• _What needs to be done_
Every picture should be left out, but the lines below must be repeated exactly.

• _Study material_
==============================

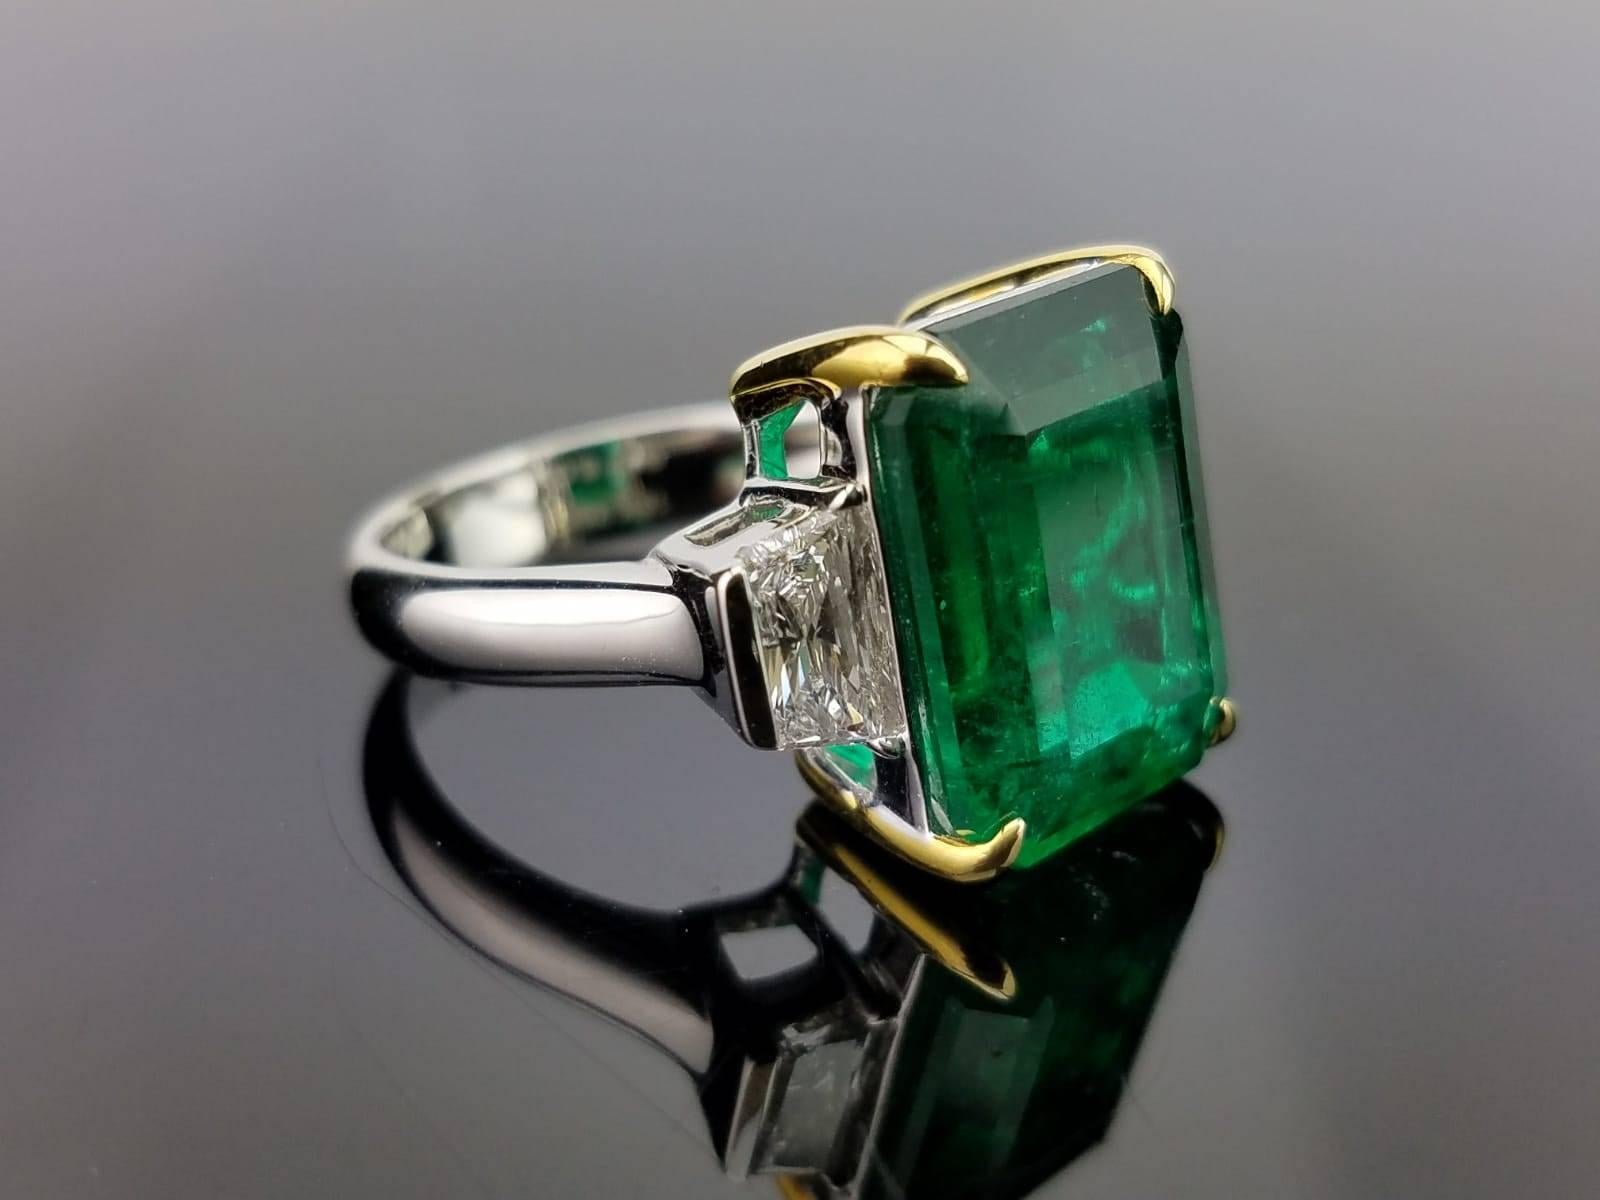 A classic three stone ring, with a 8.01 carat high quality and great colour emerald cut Zambian Emerald centre stone and 2 trapeze 0.77 carat side stone Diamonds. 

Stone Details: 
Stone: Emerald
Carat Weight: 8.01 Carats

Diamond Details: 
Total

==============================

• _Output below_
 A classic three stone ring, with a 8.01 carat high quality and great colour emerald cut Zambian Emerald centre stone and 2 trapeze 0.77 carat side stone Diamonds. 

Stone Details: 
Stone: Emerald
Carat Weight: 8.01 Carats

Diamond Details: 
Total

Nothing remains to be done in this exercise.